Anthony Liguori wrote:
On 06/23/2010 04:09 PM, Andre Przywara wrote:
Hi,
these three patches add basic NUMA pinning to KVM. According to a user
provided assignment parts of the guest's memory will be bound to different
host nodes. This should increase performance in large virtual machines
and on loaded hosts.
These patches are quite basic (but work) and I send them as RFC to get
some feedback before implementing stuff in vain.
>> ....
Please comment on the approach in general and the implementation.

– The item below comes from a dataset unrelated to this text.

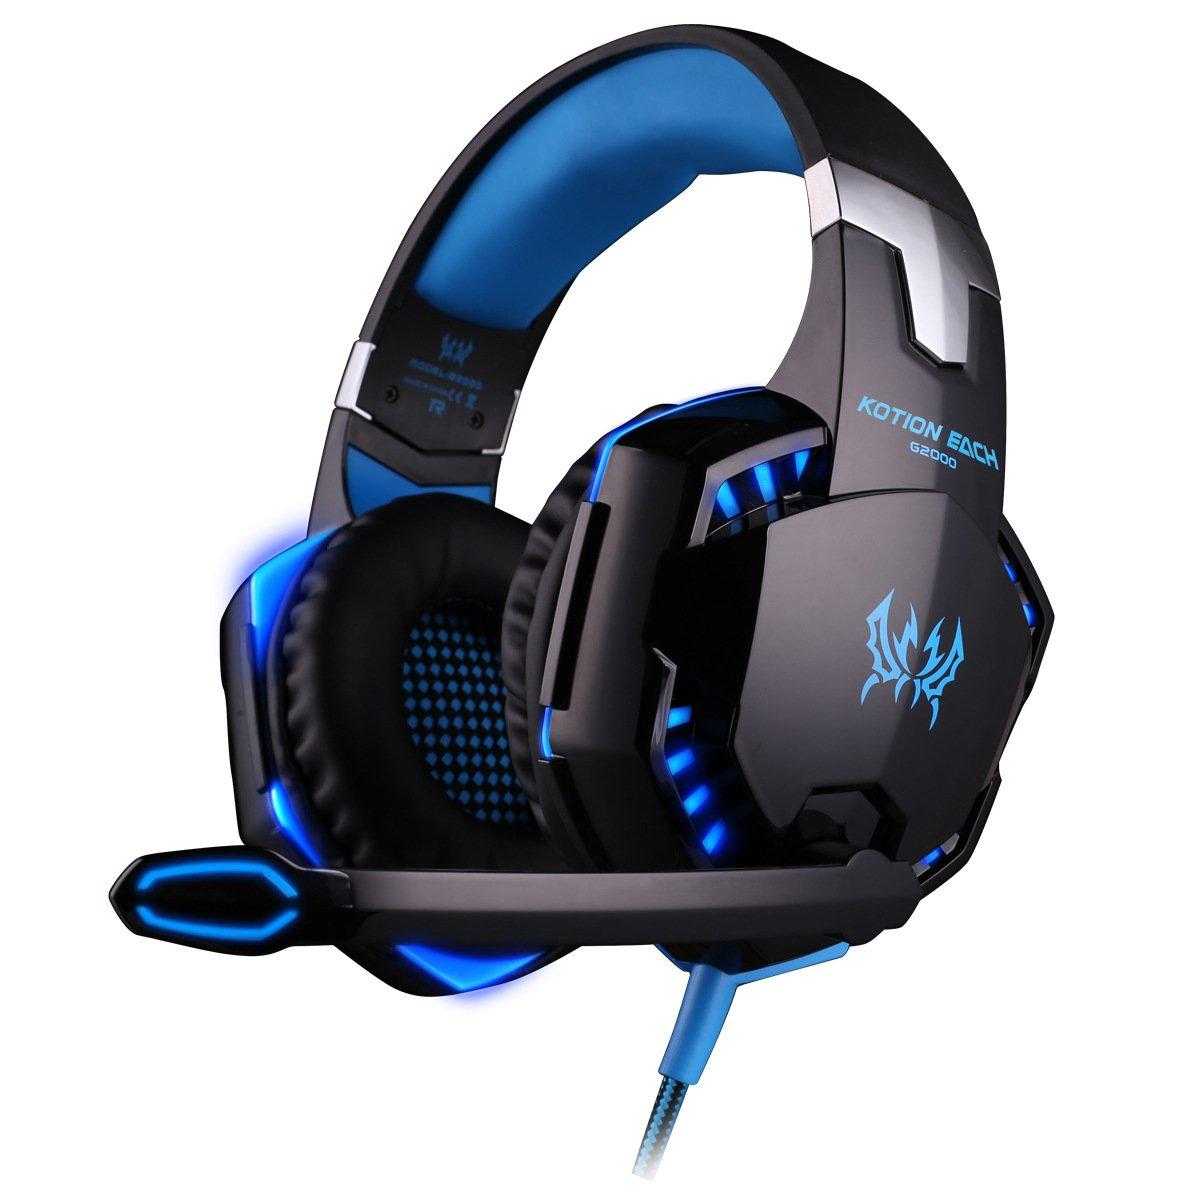 Gaming Headset, vectri verdrahteten 3.5 mm sopra l' orecchio gioco cuffie gaming headset auricolare fascia con microfono stereo Bass LED per PC gioco Film Gioco Giocare Chat Musica blu Blau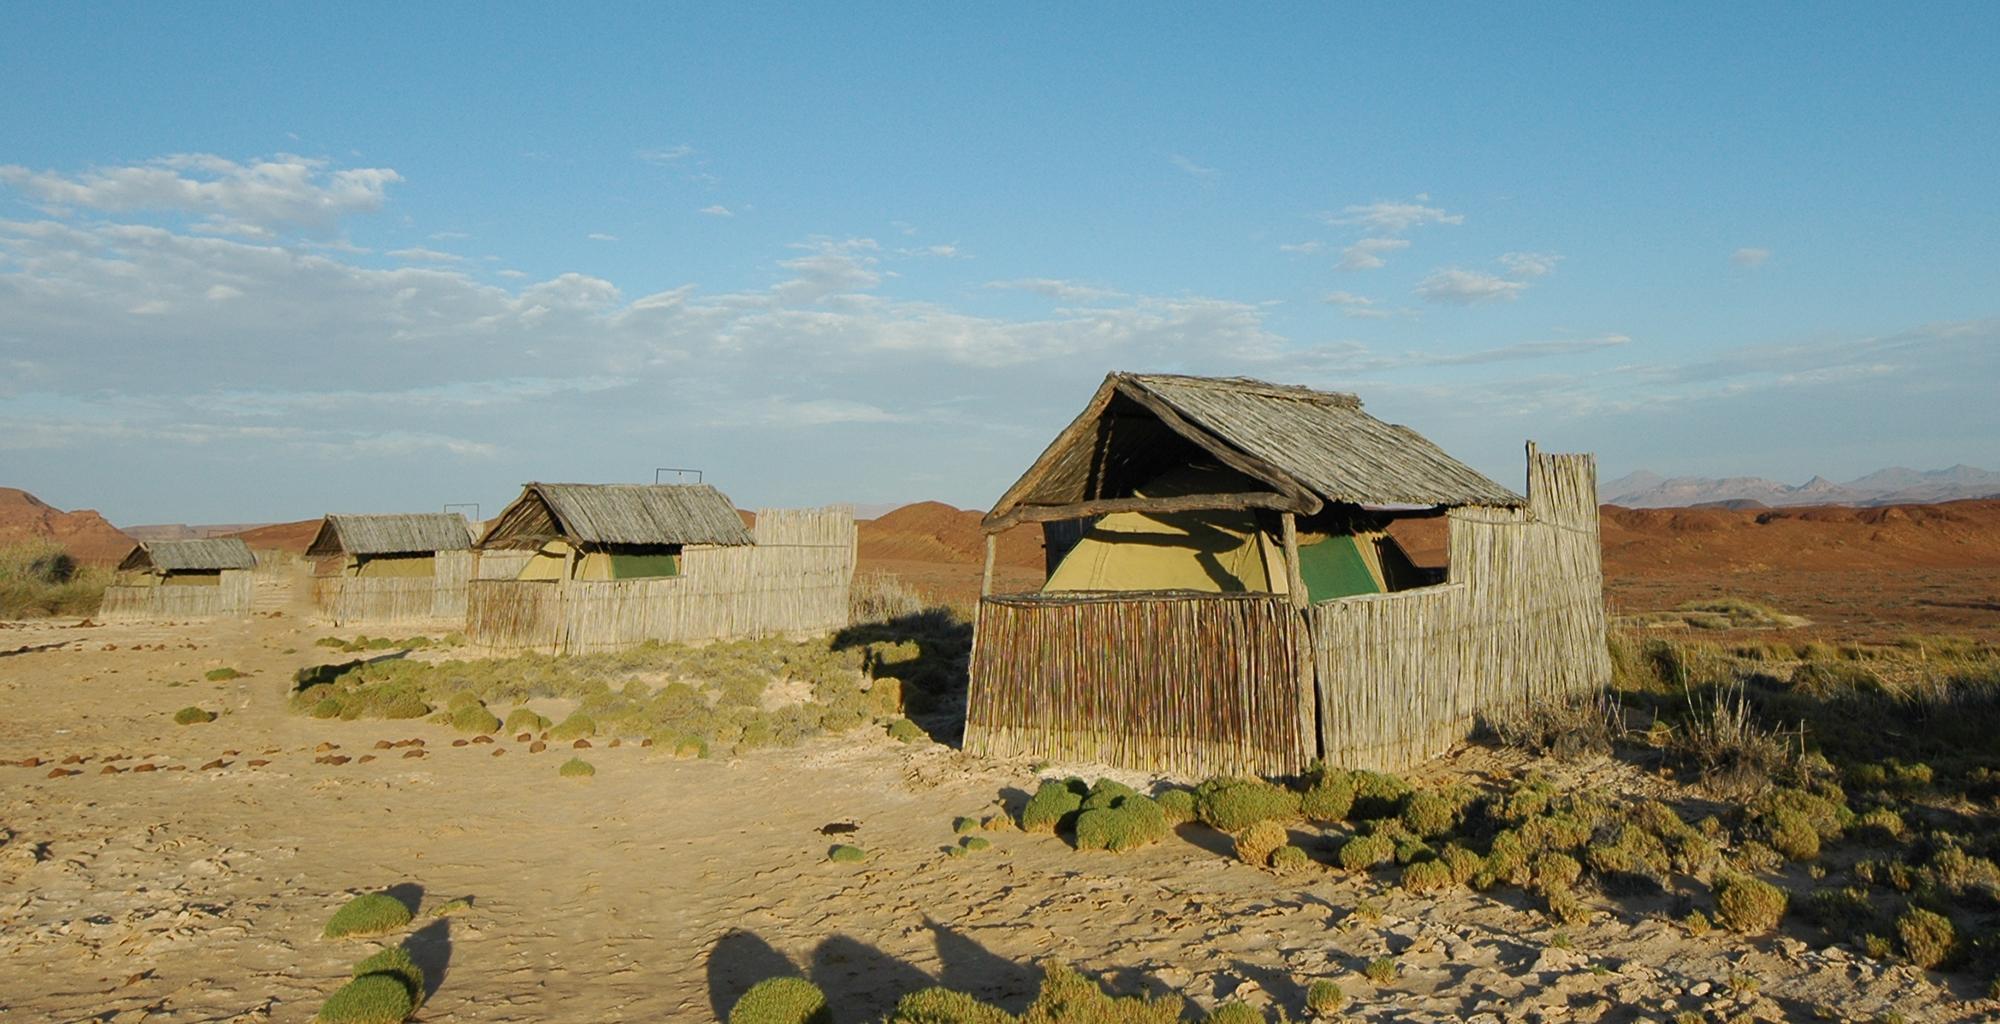 Namibia-Kuidas-Camp-Exterior

If we extended integrated -mem-path with -numa such that a different
path could be used with each numa node (and we let an explicit file be
specified instead of just a directory), then if I understand correctly,
we could use numactl without any specific integration in qemu. Does
this sound correct?
In general, yes. But I consider the whole hugetlbfs approach broken.
Since 2.6.32 or so you can use MAP_HUGETLB together with MAP_ANONYMOUS
in mmap() to avoid hugetlbfs at all, and I bet that the future will hold
transparent hugepages anyway (RHEL6 already has them).
I am not sure whether you want to keep the -memfile option and extend it
with some pseudo compat glue (faked directory names to be interpreted by
QEMU) to make it work in the future. But anyway in these cases the
external numactl approach would not work anymore.
IOW:
qemu -numa node,mem=1G,nodeid=0,cpus=0-1,memfile=/dev/shm/node0.mem
-numa node,mem=2G,nodeid=1,cpus=1-2,memfile=/dev/shm/node1.mem
It's then possible to say:
numactl --file /dev/shm/node0.mem --interleave=0,1
numactl --file /dev/shm/node1.mem --membind=2
I think this approach is nicer because it gives the user a lot more
flexibility without having us chase other tools like numactl. For
instance, your patches only support pinning and not interleaving.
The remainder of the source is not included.